WHAT YOU WILL DO
Can you copy out the data exactly? Leave the images out.

━━━━━ GIVEN DATA

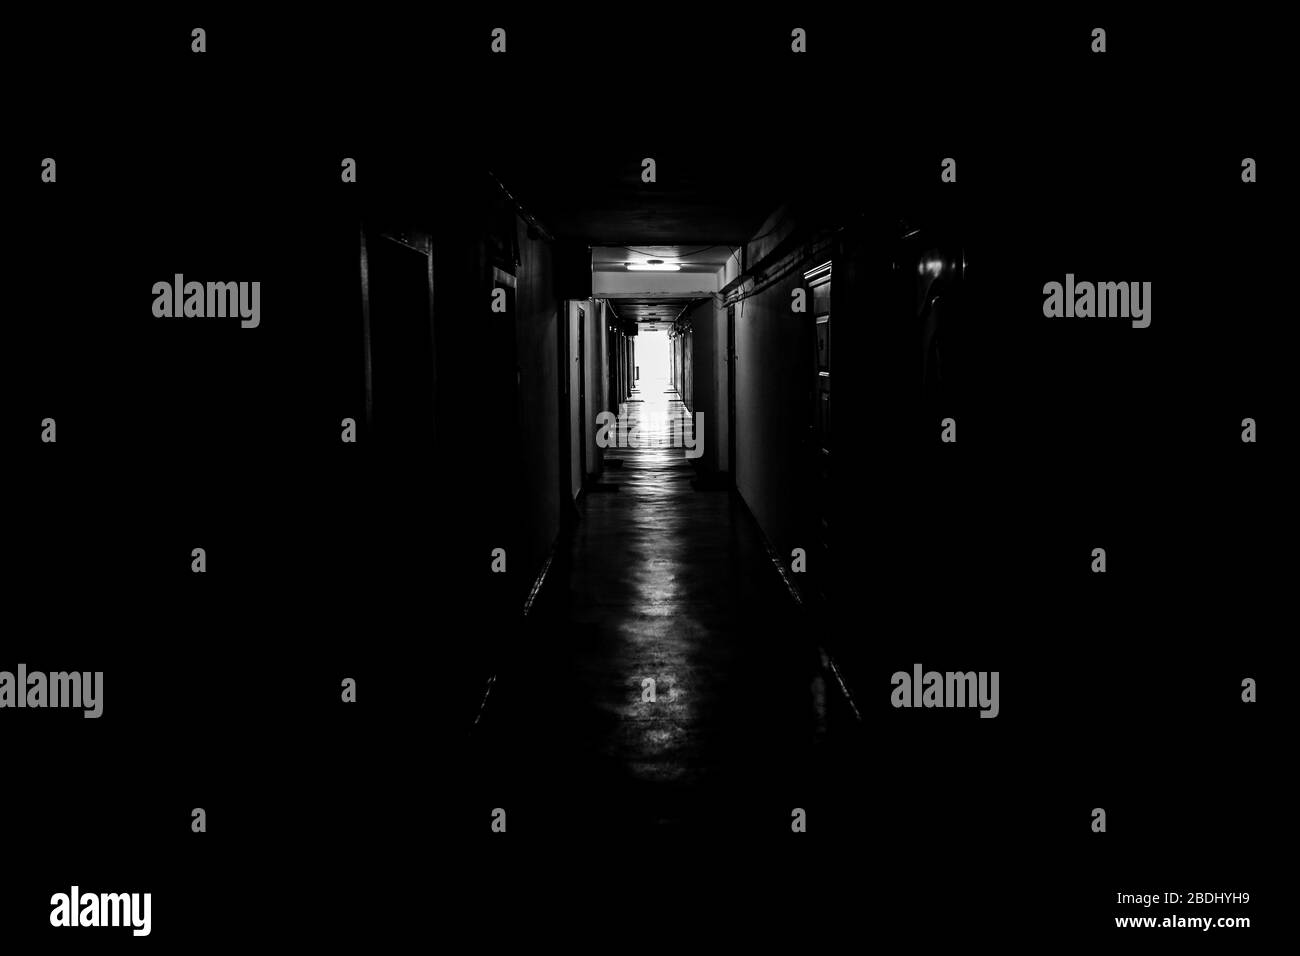 Schwarz-Weiß-Bild mit dunkel-stimmungsvollem Flur mit Wohnungstüren auf jeder Seite - das Licht am Ende des Tunnels. Stockfoto
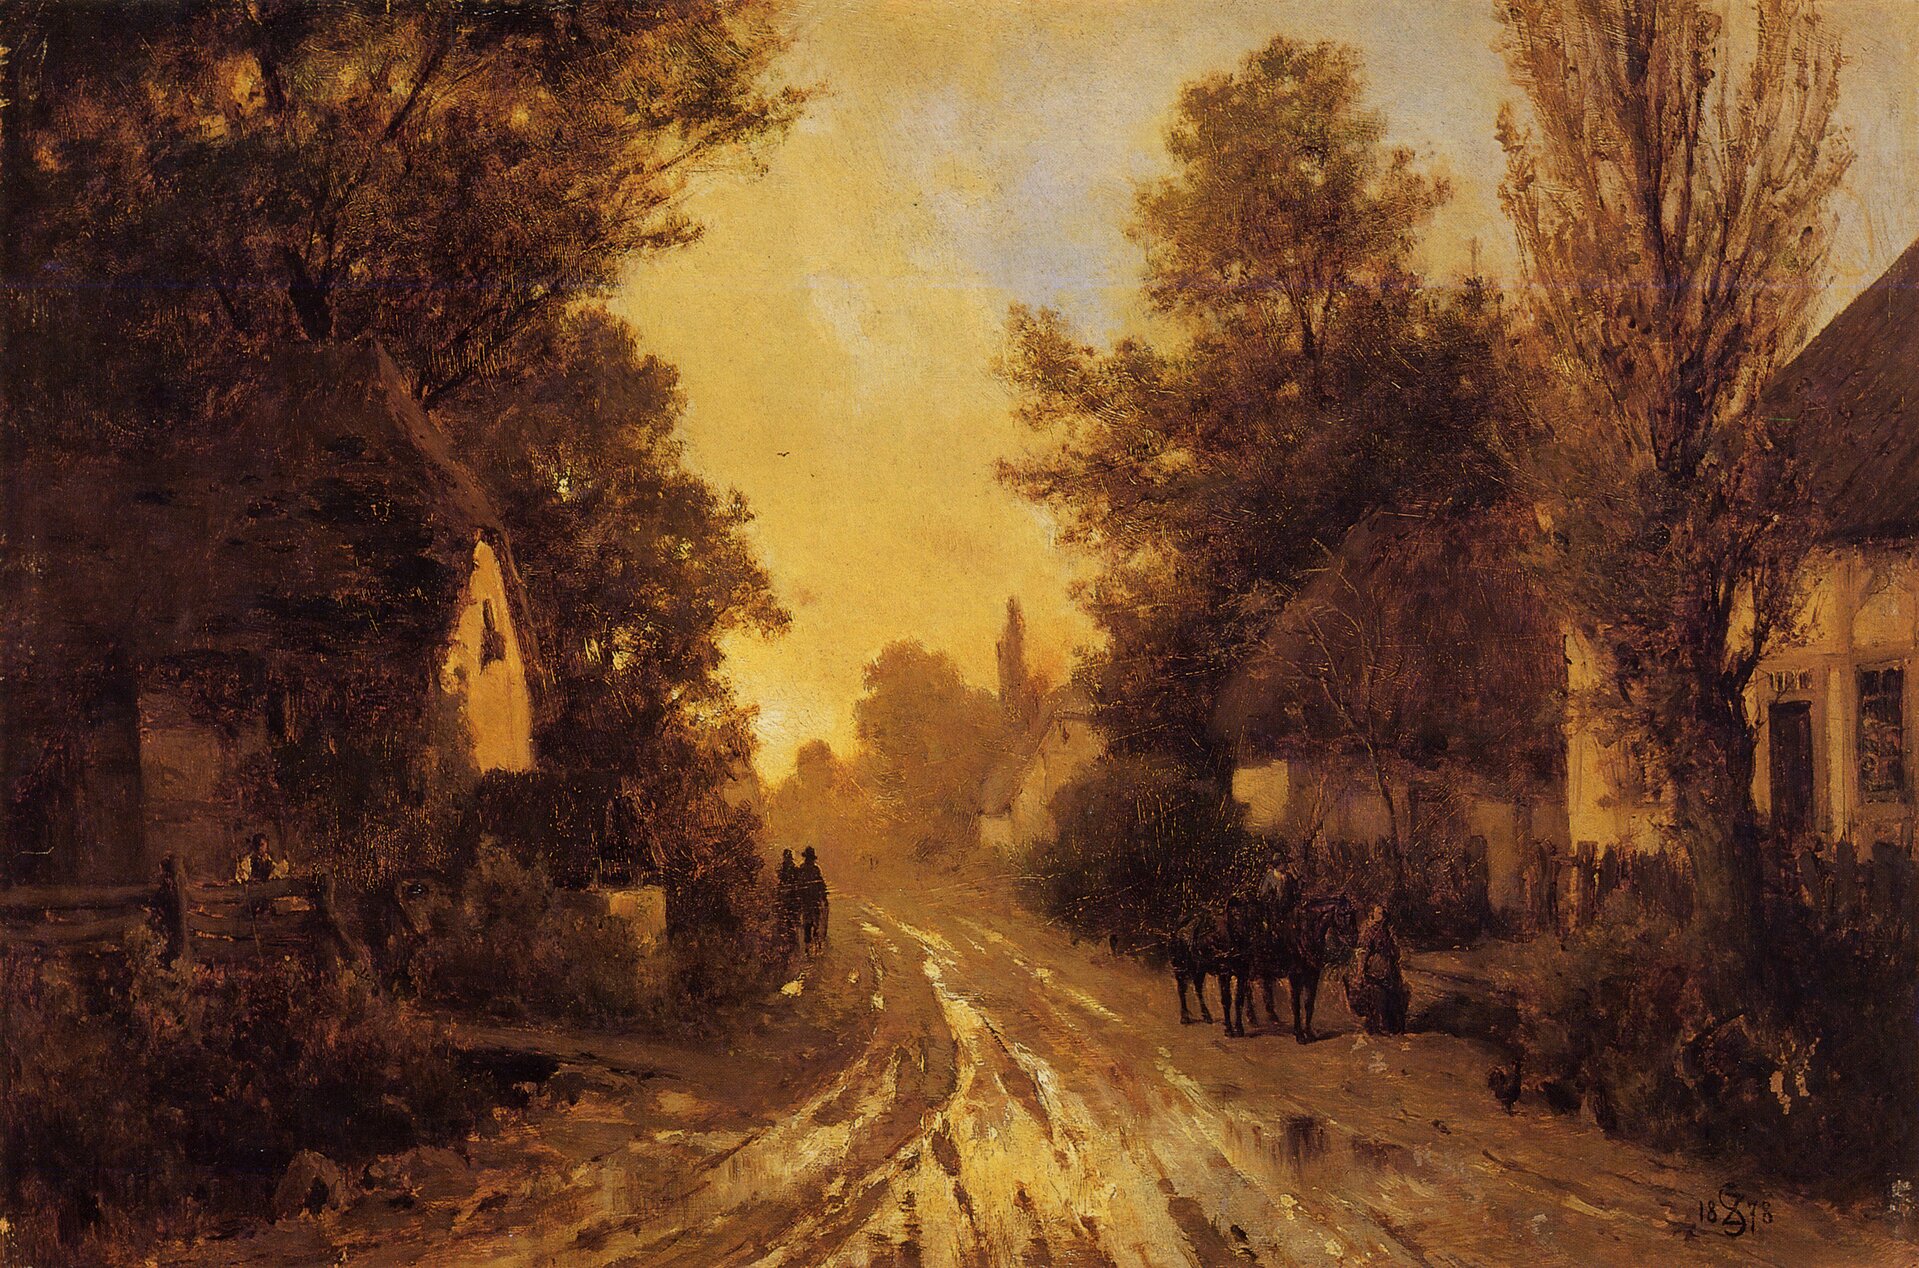 Wiejska droga jesienią Źródło: Zygmunt Sidorowicz, Wiejska droga jesienią, 1878, Lwowska Galeria Obrazów, domena publiczna.
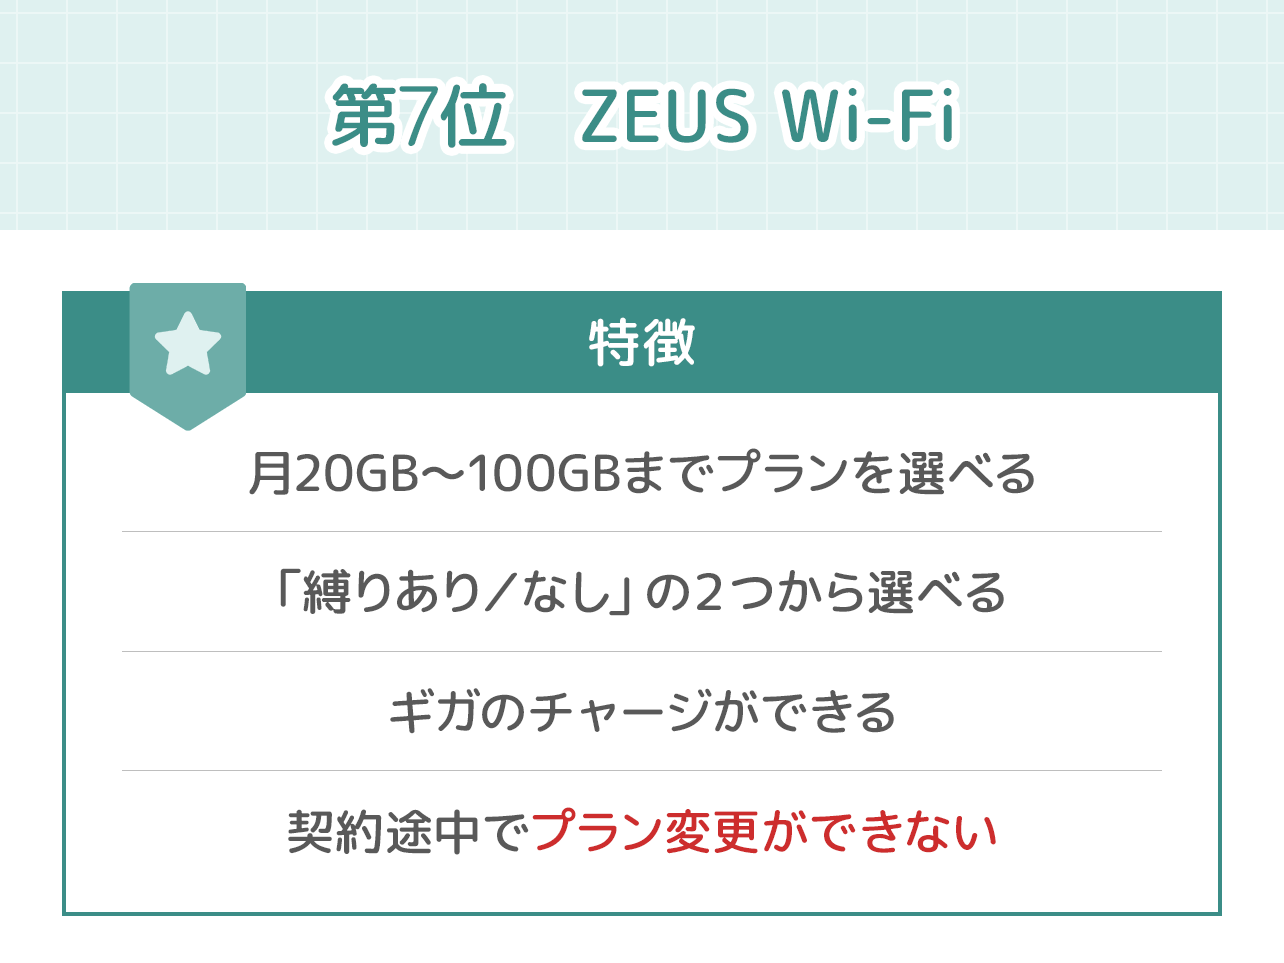 ポケットWi-Fiおすすめ第７位「ZEUS Wi-Fi」

━━━━━━━━━━

OUTPUT BELOW
 Schwarz-Weiß-Bild mit dunkel-stimmungsvollem Flur mit Wohnungstüren auf jeder Seite - das Licht am Ende des Tunnels. Stockfoto
 Wiejska droga jesienią Źródło: Zygmunt Sidorowicz, Wiejska droga jesienią, 1878, Lwowska Galeria Obrazów, domena publiczna.
 ポケットWi-Fiおすすめ第７位「ZEUS Wi-Fi」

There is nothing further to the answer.